Enterocutaneous fistula: a Tanzanian experience in a tertiary care hospital|
Chalya, P.L.; Mchembe, M.; Gilyoma, J.M.; Mabula, J.B.; Mawala, B. & Mona, L.
Background: Enterocutaneous fistulae pose a therapeutic challenge to general surgeons all over the world and contribute significantly to high morbidity and mortality. The aim of this study was to describe our experience in the management of enterocutaneous fistulas, outlining the causes, fistula characteristics, treatment outcome and prognostic factors for fistula closure and mortality in our local setting.
Methods: A prospective study of patients with enterocutaneous fistulae was conducted at Bugando Medical Centre between December 2007 and November 2009. After informed written consent for the study and HIV testing, all patients who met the inclusion criteria were consecutively enrolled into the study. Data were collected using a pre-tested, coded questionnaire and analyzed using SPSS software version 11.5.

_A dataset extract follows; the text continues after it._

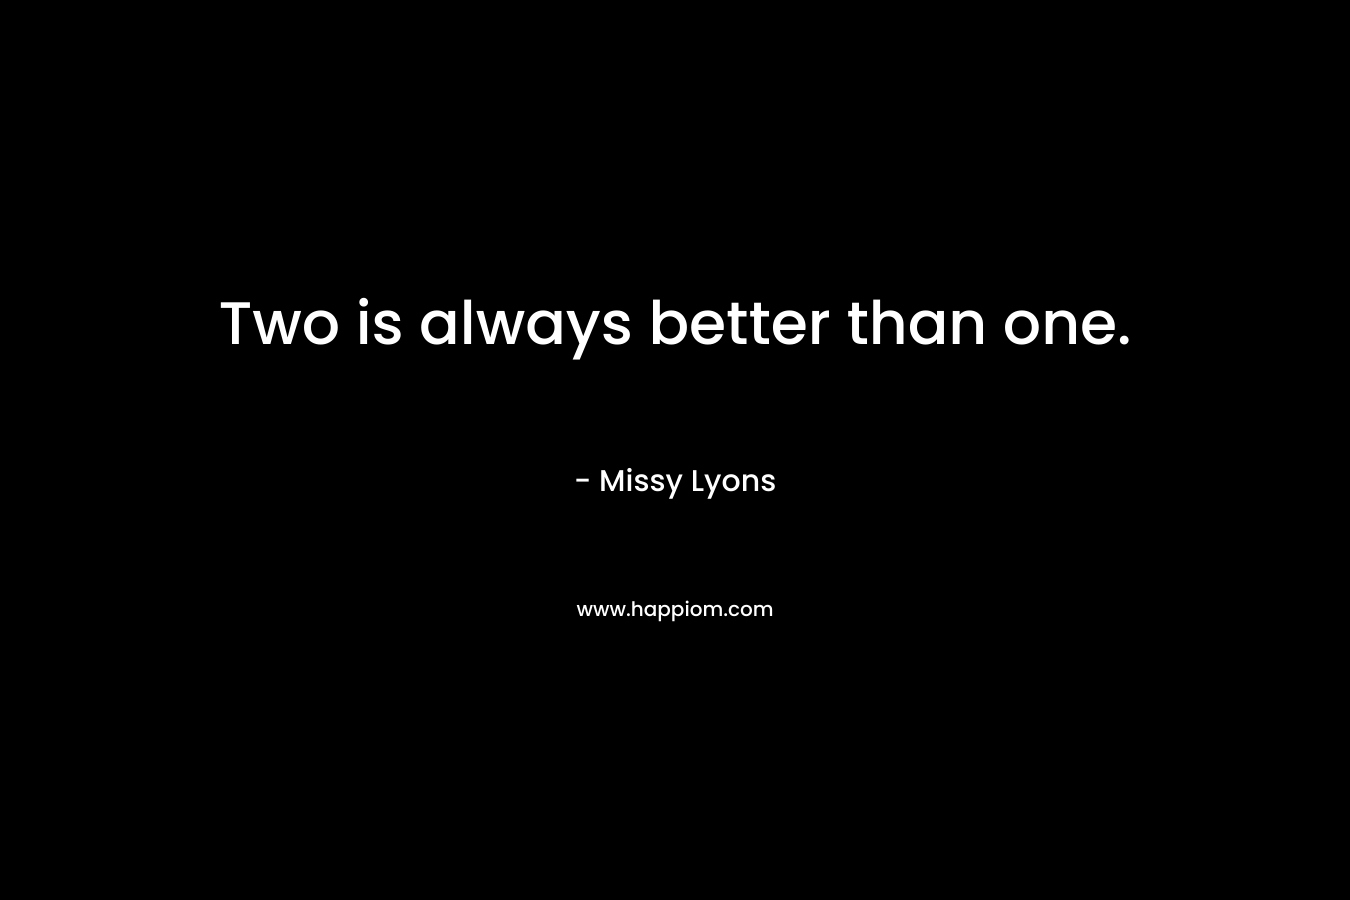 Two is always better than one. – Missy Lyons

Results: Ninety two patients were seen during the study. There were 54 males (58.7%) and 38 (41.3%) females (M: F ratio = 1.4:1). Post-operative complication was the commonest cause of enterocutaneous fistulae in 91.3% of cases. The majority of patients (63.0%) had high output fistulae and the jejuno-ileum was commonly affected (60.9%). The complication rate was 34.8% and sepsis was the most common complication. Sixteen patients (17.4%) had HIV infection. Fistula closure was successfully achieved in 64 patients (69.6%). Of these, 42 patients (65.6%) had spontaneous closure and 22 patients (34.4%) underwent surgical closure. Mortality rate was 30.4%. Using multivariate logistic regression, the cause of fistula, fistula output, presence of complications and institutional origin of the patient were found to be significant predictors of spontaneous closure (p-value < 0.001), where as surgical closure was significantly associated with presence of complications and pre-morbid illness (p-value < 0.001). Fistula output, institutional origin of the patient, presence of complications and premorbid illness, HIV positivity and CD4 count were significant predictors of mortality.
Conclusion: Enterocutaneous fistulae pose a therapeutic challenge at BMC and contribute significantly to high morbidity and mortality. A multidisciplinary approach focusing on fluid resuscitation, nutritional supplementation, electrolyte replenishment, control of sepsis, containment of effluent, skin integrity and surgery at appropriate time is necessary to lessen morbidity and mortality with a higher fistula closure rate. The high rate of postoperative enterocutaneous fistulae resulting from anastomotic breakdown in patients referred from peripheral hospitals calls for urgent surgical skill training course in this region. The high rate of HIV infection in these patients needs further studies.